The Shadowglass
Rare bone witch Tea’s heartsglass is turning a dreaded black as she uses her magic to recall loved ones from death. For now, she’s been able to hide its dark mottles, but she’s in a race to discover the nature of this corruption before it destroys her or those she loves. In Rin Chupeco’s The Shadowglass, the Bone Witch trilogy draws to a close. Tea uncovers the source of a world’s magic and revelations that threaten to change more than just her heartsglass.
Tea’s choices are the lynchpin of a knotted plot. A split narrative shifts between an unnamed bard who’s trying to understand her tide of destruction and Tea herself as she wrestles with changing magic. These narratives bridge past and present, stretching and compressing action and pacing but never fully converging.
Tea flip-flops from a flawed hero to a sympathetic villain and back. Teasing out which deaths are valid and which aren’t becomes increasingly difficult once the bodies start dropping—both in terms of Tea’s own internal code and the novel’s moral arc.

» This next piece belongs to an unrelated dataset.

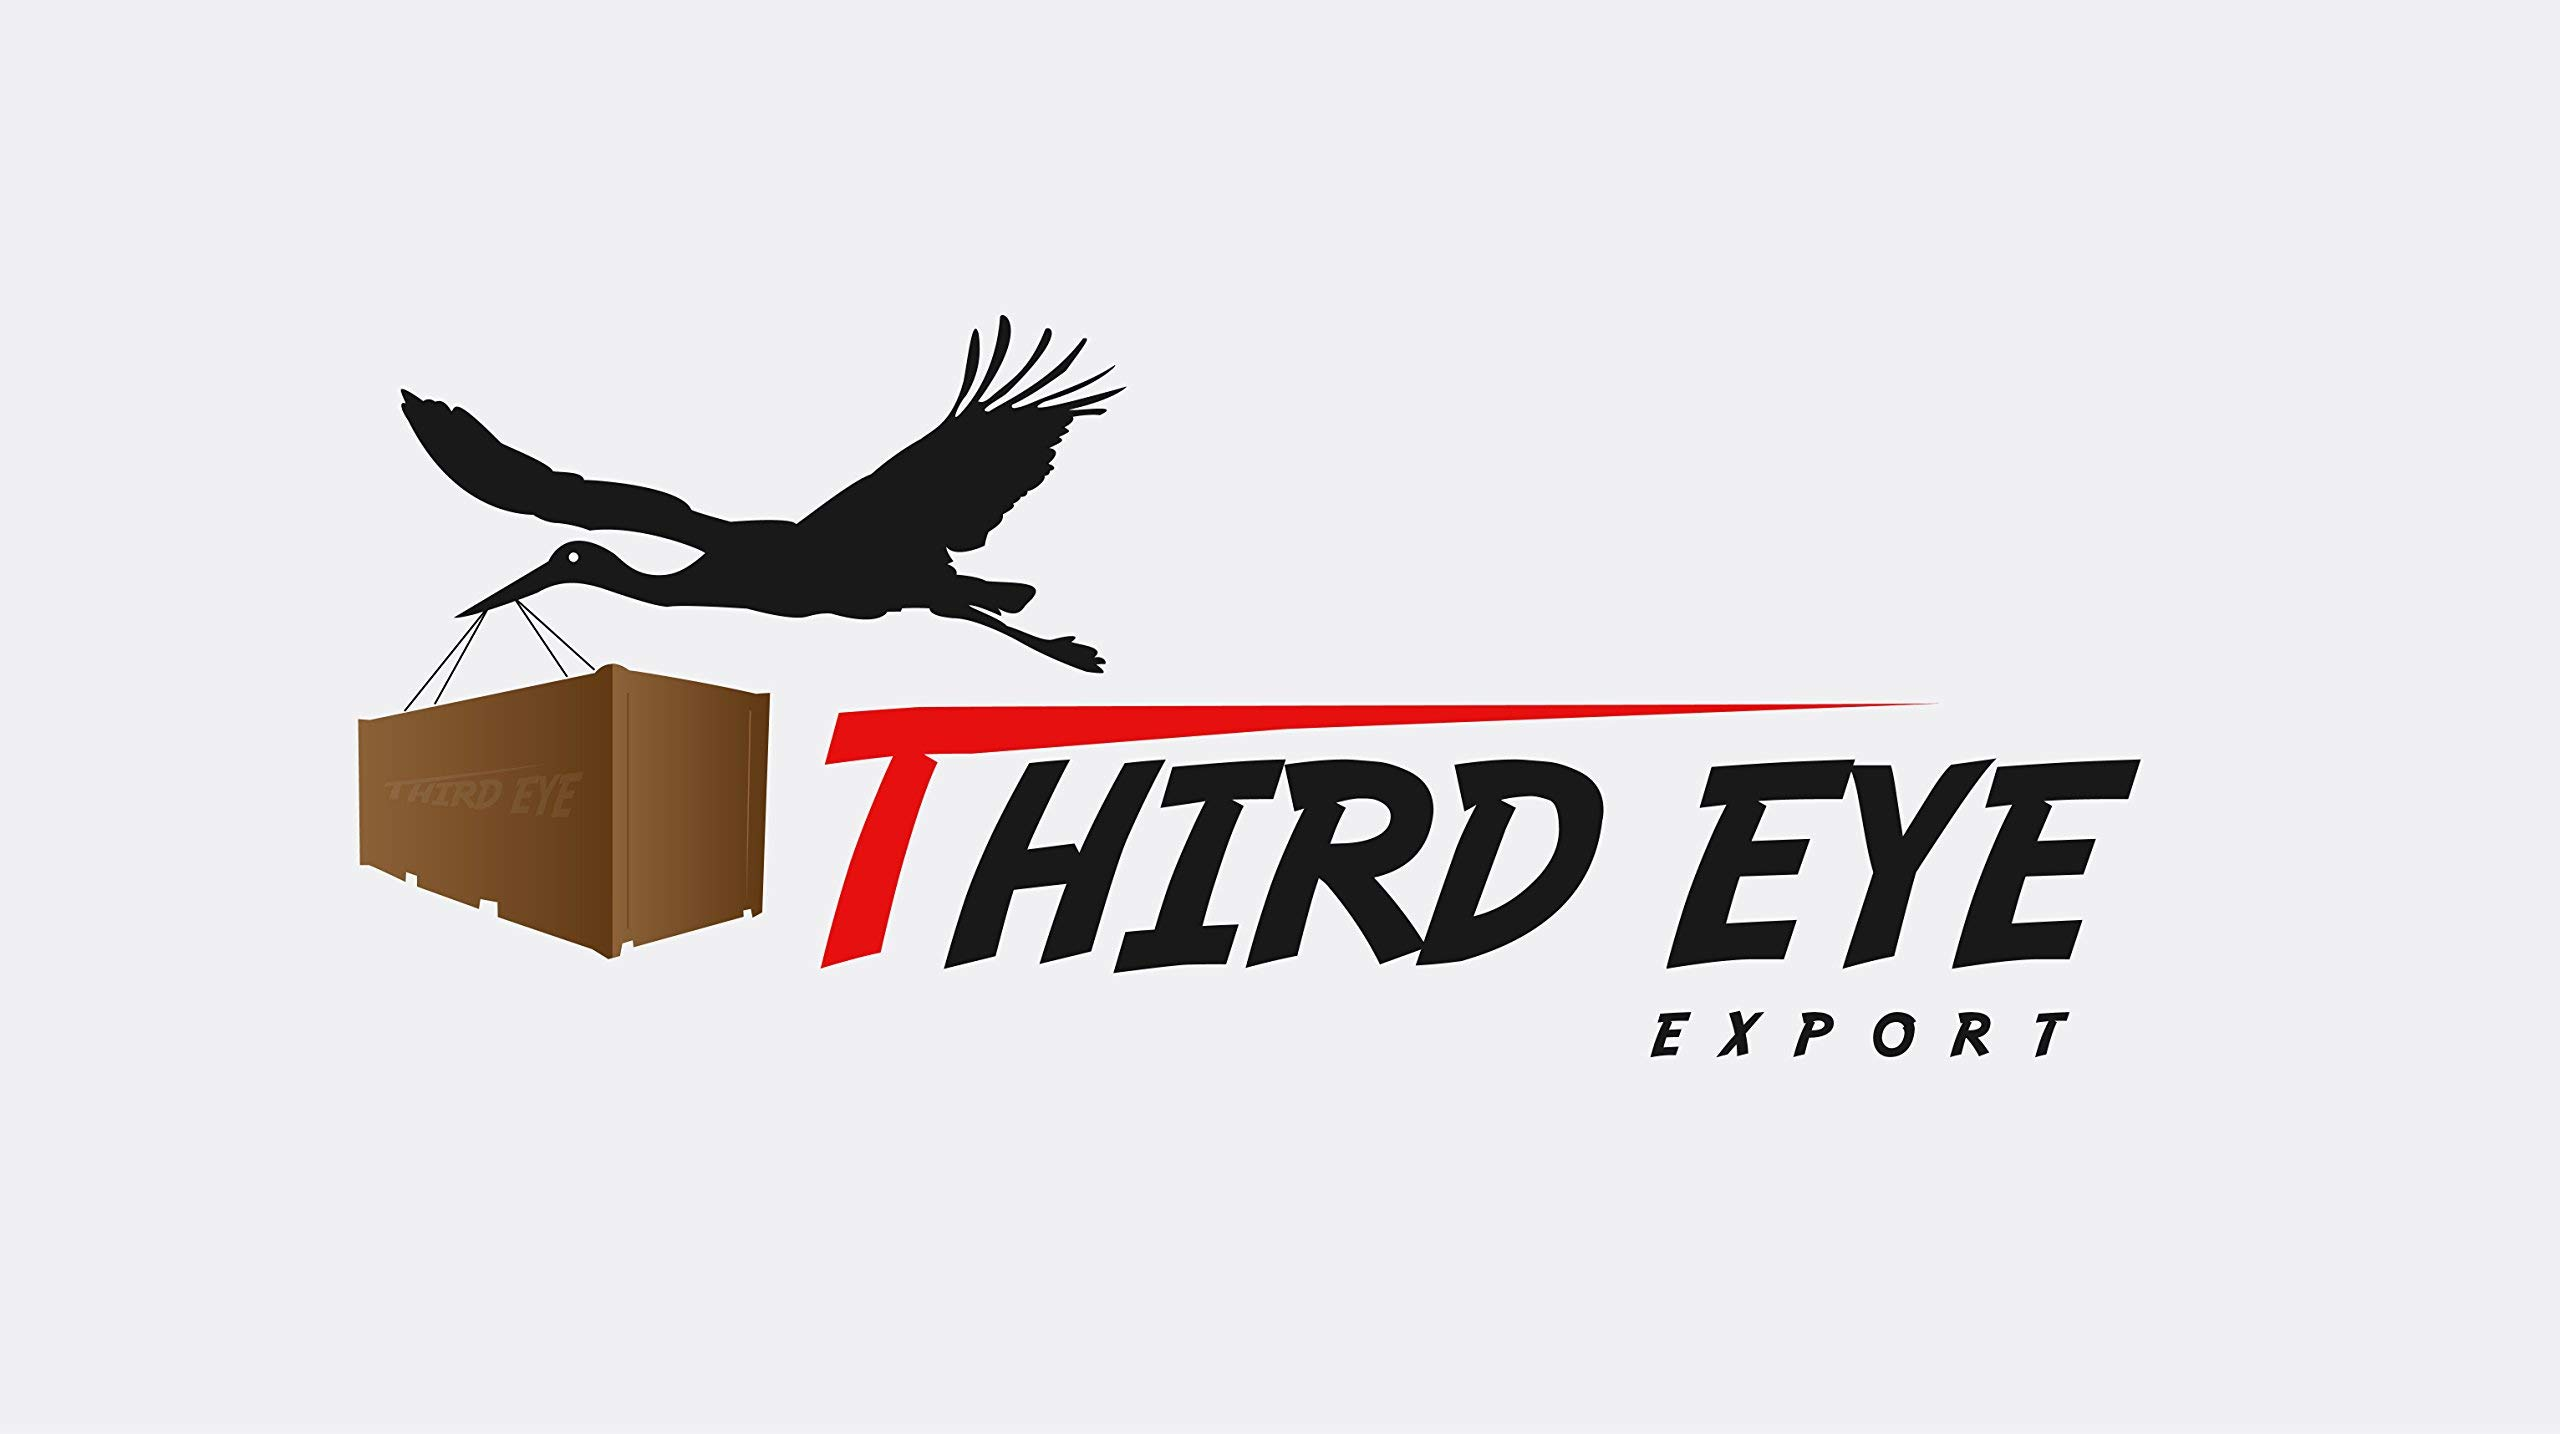 Third Eye Export 32 Inches Diameter Round Meditation Seating Ottoman Decorative Sham Stuffer Round Floor Pillow Insert by Third Eye Export (Image #3)

The novel withholds its answers until the final battle, not laying the groundwork for Tea’s revelations. After a quest of increasing melodrama and tension, when the last battle’s joined, the truth she unmasks isn’t traceable. Most of her discoveries lie outside the narrative’s action and are delivered as a fait accompli.
Perhaps most satisfying if read within the series, The Shadowglass is a story already in motion, its dense cast of characters and sprawling plot all converging on a conclusion.